I liked Anna a lot, I don’t know what it was about Elsa. I honestly think the movie’s character development went waaaaaay too fast, and that was a huge part of it.
Like, OK, Elsa and Anna are little kids. Then we see them grow up over 20 seconds with no real indication of what kind of relationship they had in the intervening years. Then we see them as adults (Google tells me Elsa is 21, Anna is 18) and Elsa is a literal and figurative ice queen.
So did they have any kind of a relationship together? Did Elsa keep herself completely physically separate from her sister at all times? They never ate together, never saw one another in the halls, never chatted at all? It’s never really indicated, we just see Elsa constantly shutting her out and isolating them both, then suddenly they’re thrust together after Elsa’s coronation and trying to make small talk. It’s very bewildering.

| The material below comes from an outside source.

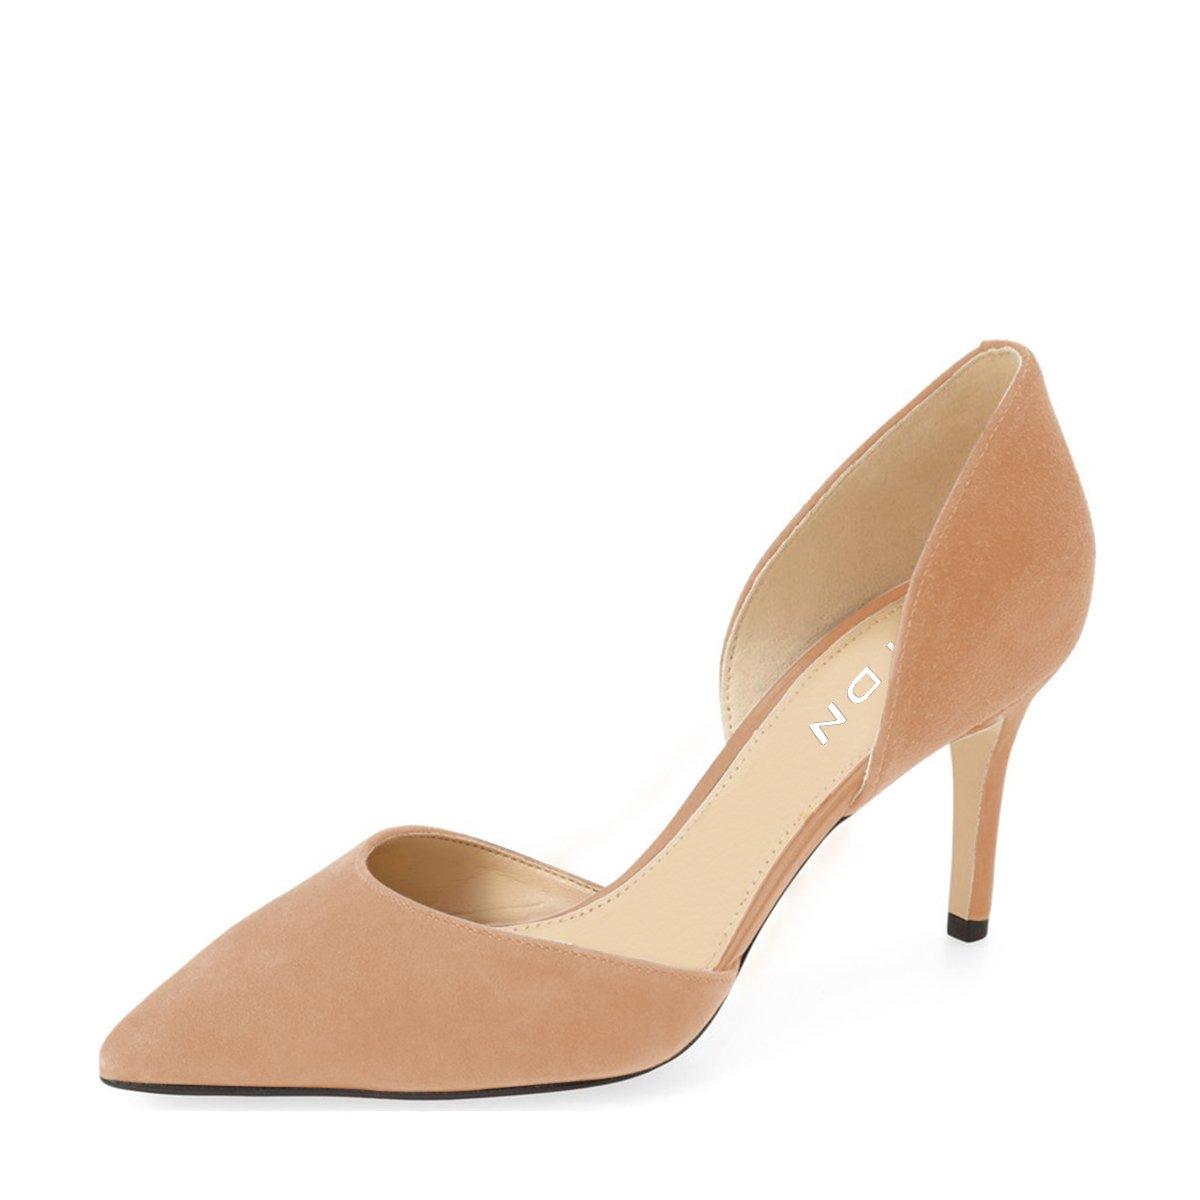 YDN Women Classic Low Heels D'Orsay Pumps Suede Pointed Toe Slip On Dressy Stilettos Shoes B01NBK5WDX 5 B(M) US Nude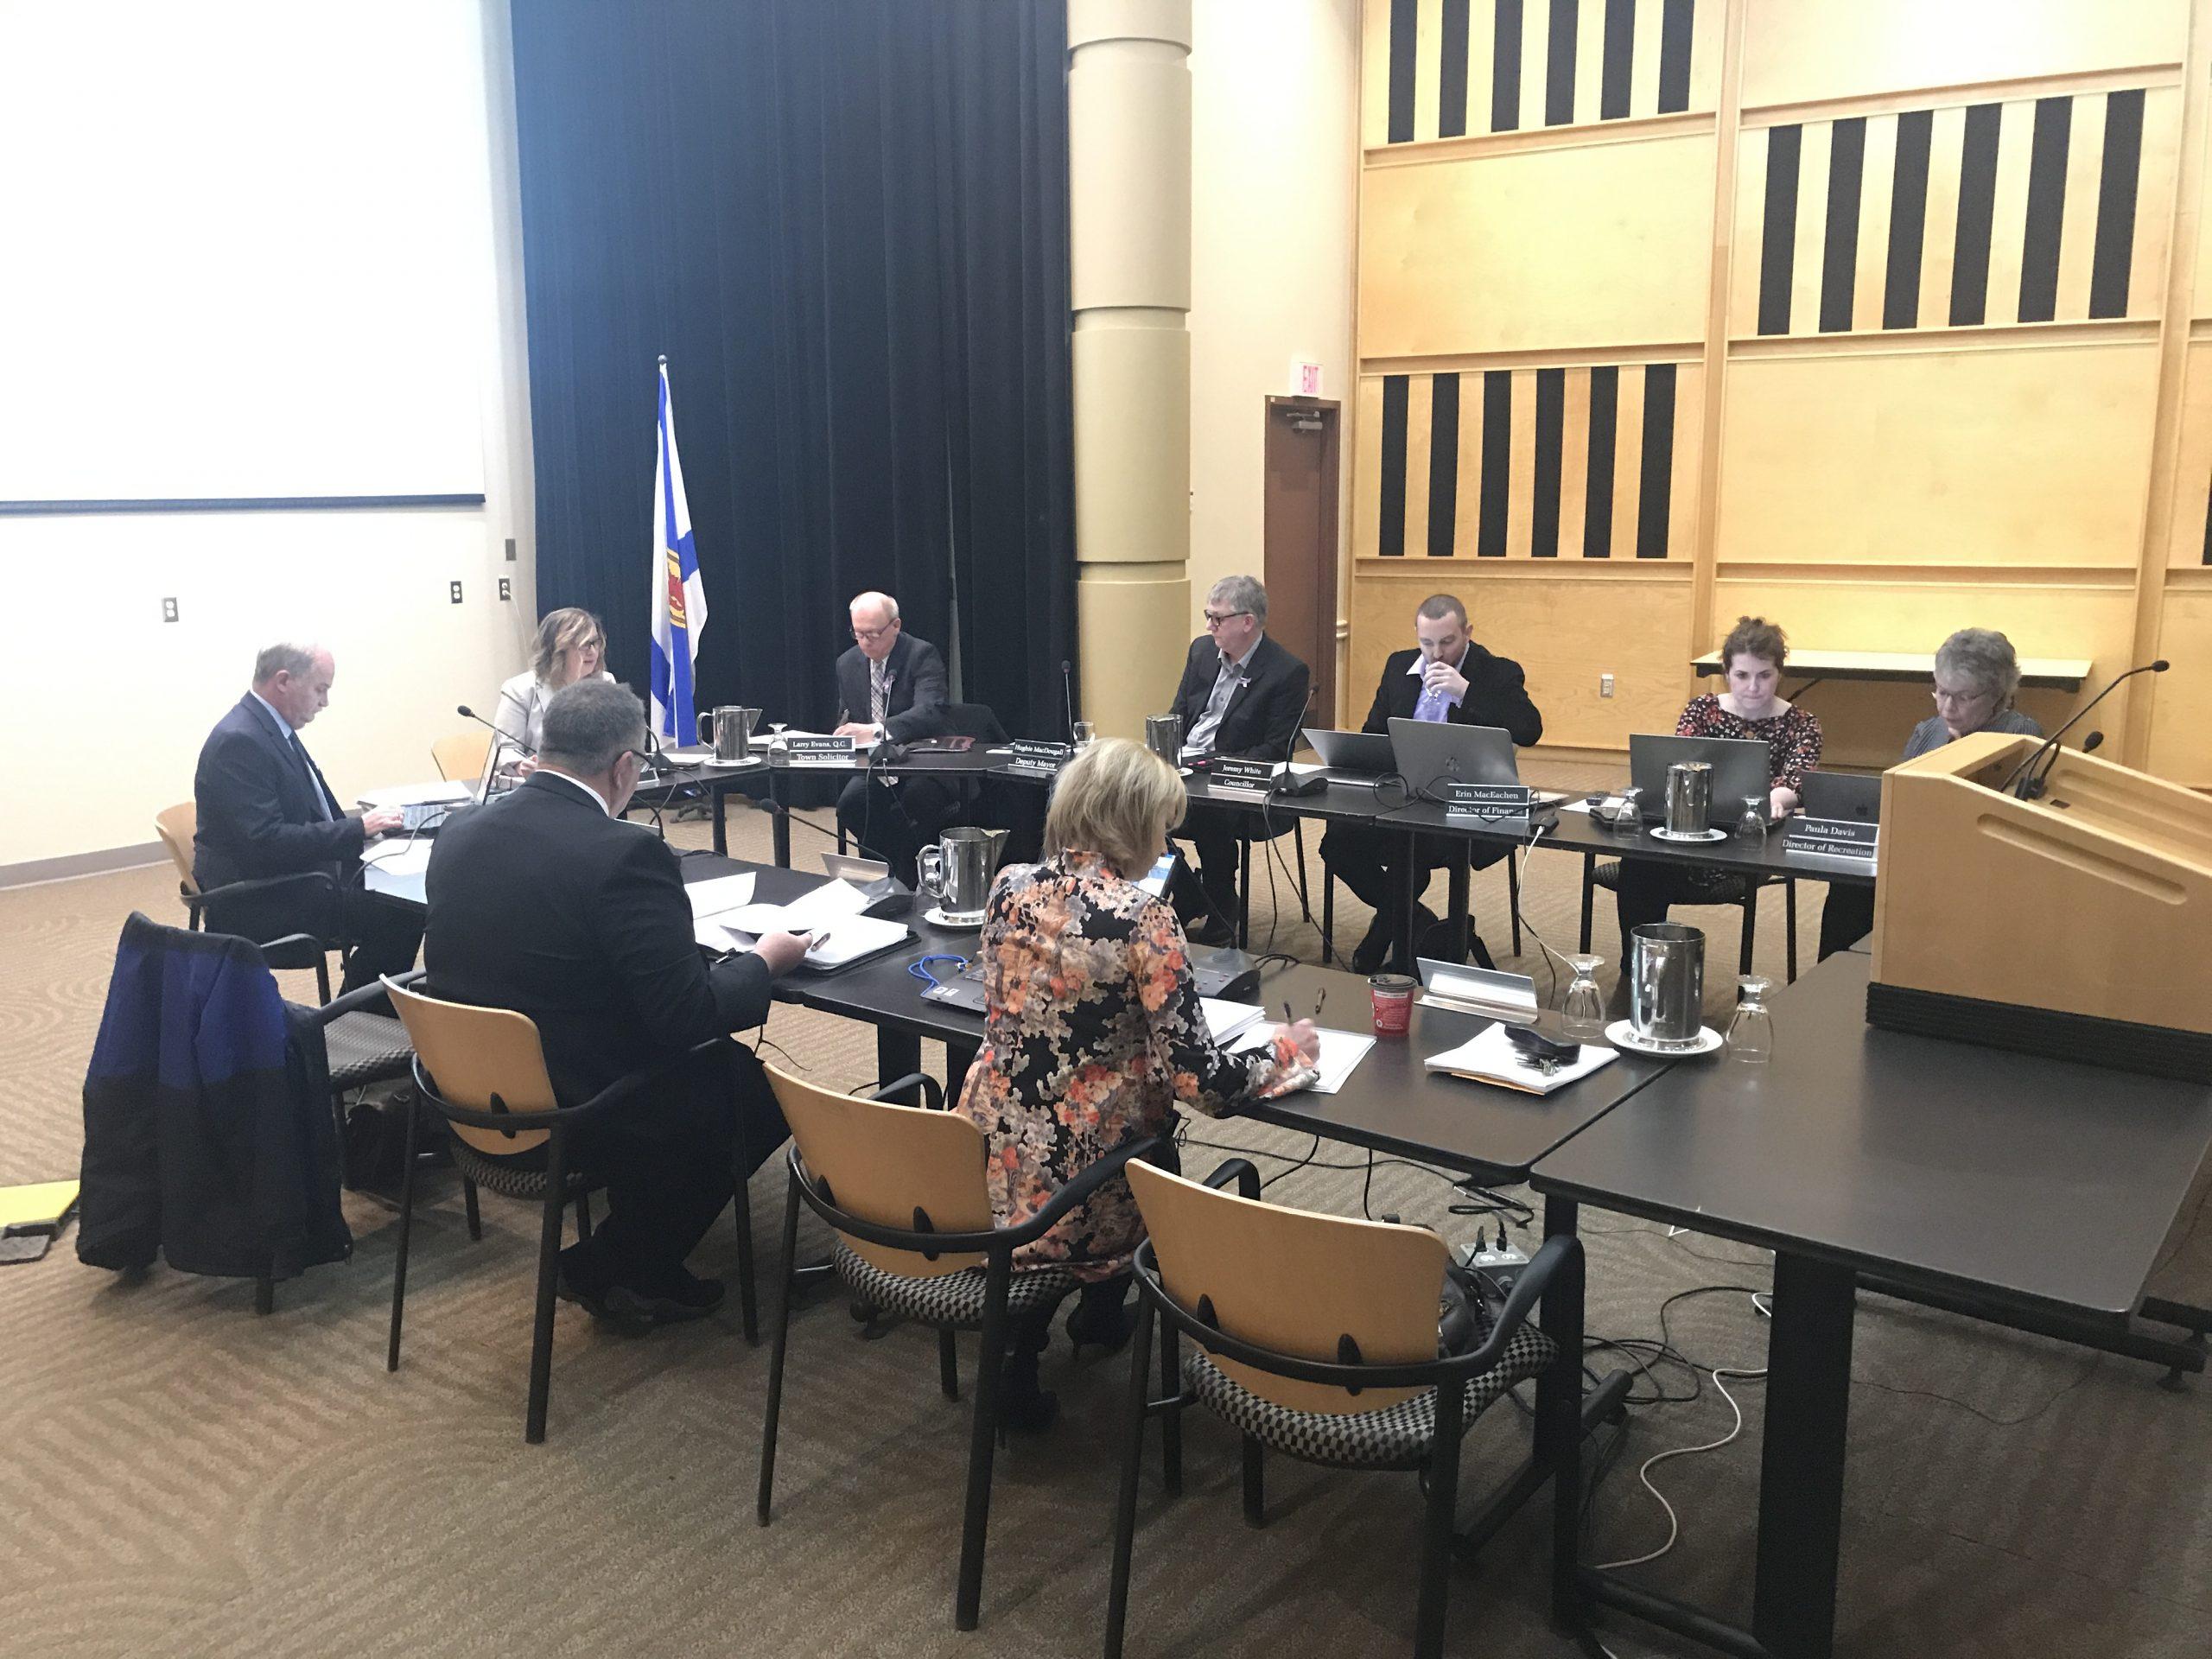 Waterfront committee membership approved in Port Hawkesbury

So then all the action starts happening, and Elsa immediately runs away to be by herself, and she essentially transforms into a completely different person -- someone who clearly seems happier, less stressed, more self-assured, but also rejects someone who loves her to the point of sending a fucking monster after her.
It’s so so hard to explain what irks me about that, because from a character development standpoint I absolutely understand her point of view: she’s been treated like a secret ticking time bomb her whole life, she purposely isolated herself from everyone and everything, she finally “goes off” in a spectacular fashion, and now she just wants to fucking be left alone to live in her fancy castle where she can do whatever she wants.
But also, she wasn’t the only victim here. Anna didn’t ask to be orphaned, she didn’t ask for her sister to reject her, she didn’t ask to be physically and emotionally isolated from absolutely everyone in the world without ever being given any kind of explanation. She finally finds out what the hell is going on, reaches out with open, accepting arms to the only person in her life she truly, deeply cares about (and always has) and gets fucking slapped around by a giant snow monster.
I don’t know, I have strong feelings about a movie I didn’t really like that much. :|
Also, I’m not sure if it’s Glen Keane that’s responsible for the character design, but the “enormous fucking eyes” + “tiny tiny ski slope nose” + “outrageous distance between the two” combination wigs me out.